The following is a breakdown of the Company’s general and specific allowances as a percentage of gross loans at September 30, 2017 and December 31, 2016, respectively:

           
 (dollar in thousands) September 30, 2017 % of Gross
Loans
 December 31, 2016 % of Gross
Loans
 
           
 General Allowance $  9,617 0.84% $  8,571 0.79% 
 Specific Allowance    818 0.07%    1,289 0.12% 
 Total Allowance $  10,435 0.91% $  9,860 0.91% 
           

The historical loss experience factor is tracked over various time horizons for each portfolio segment. The following table provides net charge-offs as a percentage of average loans for the three and nine months ended September 30, 2017 and 2016, respectively, and a five-year trend:

                     
  Three Months Ended September 30, Nine Months Ended September 30, Years Ended December 31,
(dollars in thousands) 2017  2016   2017  2016   2016   2015   2014   2013   2012 
Average loans $  1,127,626  $  1,016,408   $  1,107,618  $  967,568   $  988,288  $  874,186  $  819,381  $  741,369  $  719,798 
Net charge-offs    223     141      405     566      1,039     1,374     2,309     1,049     1,937 
Net charge-offs to average loans  0.08%  0.06%   0.05%  0.08%   0.11%  0.16%  0.28%  0.14%  0.27%
                     

About The Community Financial Corporation - The Company is the bank holding company for Community Bank of the Chesapeake.

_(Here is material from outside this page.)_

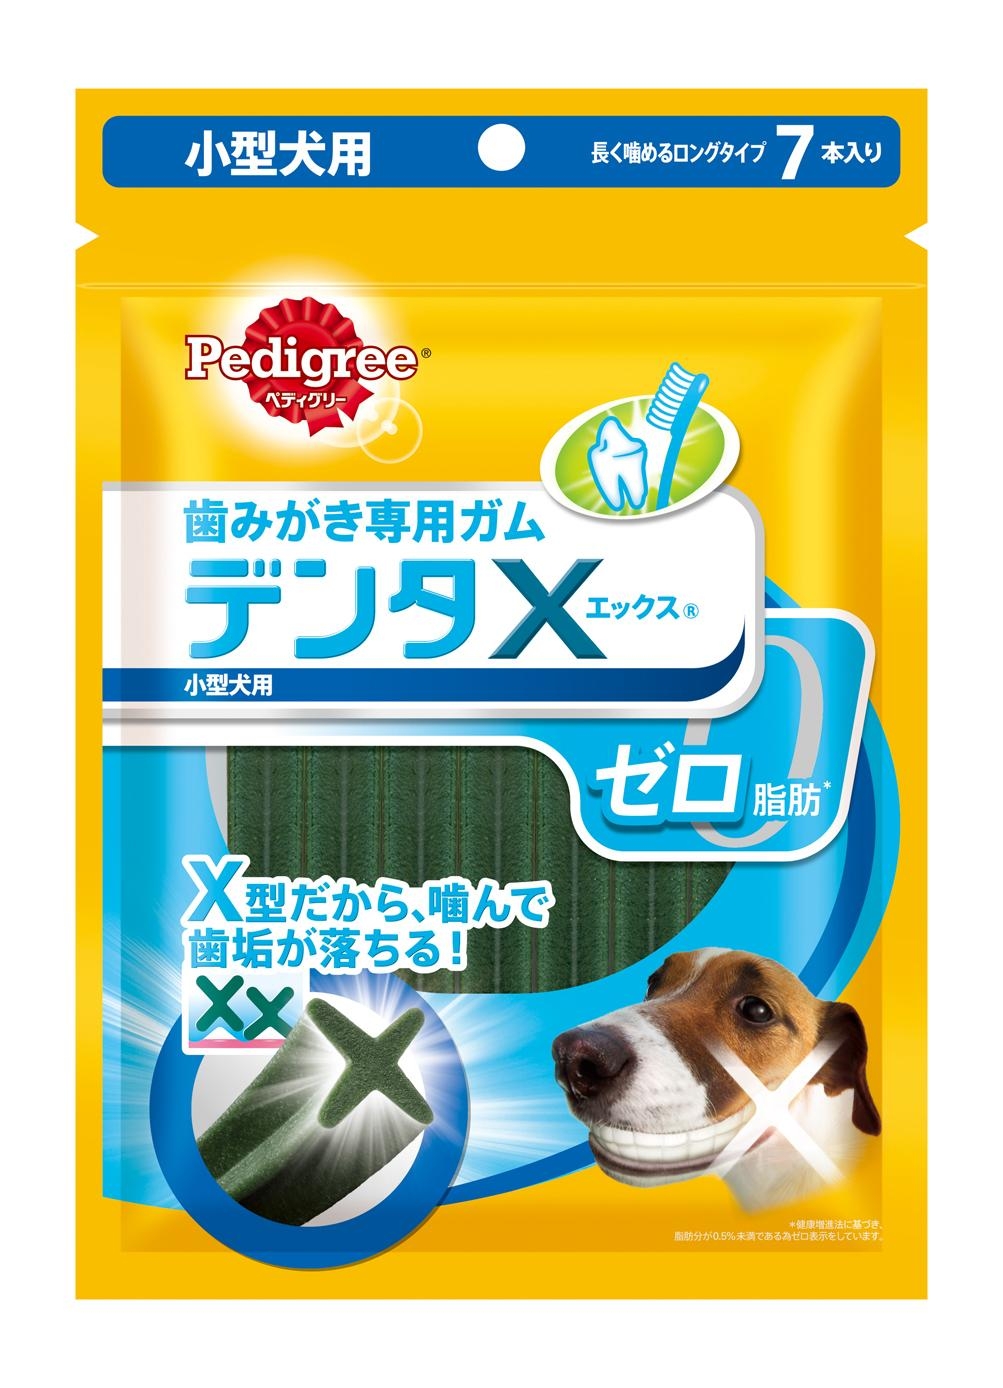 犬用歯みがきガムに脂肪ゼロガムとシニア犬でも噛みやすいガム登場 マース ジャパン リミテッドのプレスリリース

Headquartered in Waldorf, Maryland, Community Bank of the Chesapeake is a full-service commercial bank, with assets over $1.4 billion.  Through its 11 branches and five commercial lending centers, Community Bank of the Chesapeake offers a broad range of financial products and services to individuals and businesses. The Company’s branches are located at its main office in Waldorf, Maryland, and 10 branch offices in Waldorf, Bryans Road, Dunkirk, Leonardtown, La Plata, Charlotte Hall, Prince Frederick, Lusby and California, Maryland; and downtown Fredericksburg, Virginia.

Forward-looking Statements - This news release contains forward-looking statements within the meaning of the federal securities laws. Forward-looking statements can generally be identified by the fact that they do not relate strictly to historical or current facts. They often include words like “believe,” “expect,” “anticipate,” “estimate” and “intend” or future or conditional verbs such as “will,” “would,” “should,” “could” or “may.” Statements in this release that are not strictly historical are forward-looking and are based upon current expectations that may differ materially from actual results. These forward-looking statements involve risks and uncertainties that could cause actual results to differ materially from those anticipated by the statements made herein. These risks and uncertainties involve general economic trends, changes in interest rates; loss of deposits and loan demand to other financial institutions; substantial changes in financial markets; changes in real estate value and the real estate market; regulatory changes; the possibility of unforeseen events affecting the industry generally; the uncertainties associated with newly developed or acquired operations; the outcome of litigation that may arise; market disruptions and other effects of terrorist activities; and the matters described in “Item 1A Risk Factors” in the Company’s Annual Report on Form 10-K for the Year Ended December 31, 2016, and in its other Reports filed with the Securities and Exchange Commission (the “SEC”). The Company’s forward-looking statements may also be subject to other risks and uncertainties, including those that it may discuss elsewhere in this news release or in its filings with the SEC, accessible on the SEC’s Web site at www.sec.gov. The Company undertakes no obligation to update these forward-looking statements to reflect events or circumstances after the date hereof or to reflect the occurrence of unforeseen events, except as required under the rules and regulations of the SEC.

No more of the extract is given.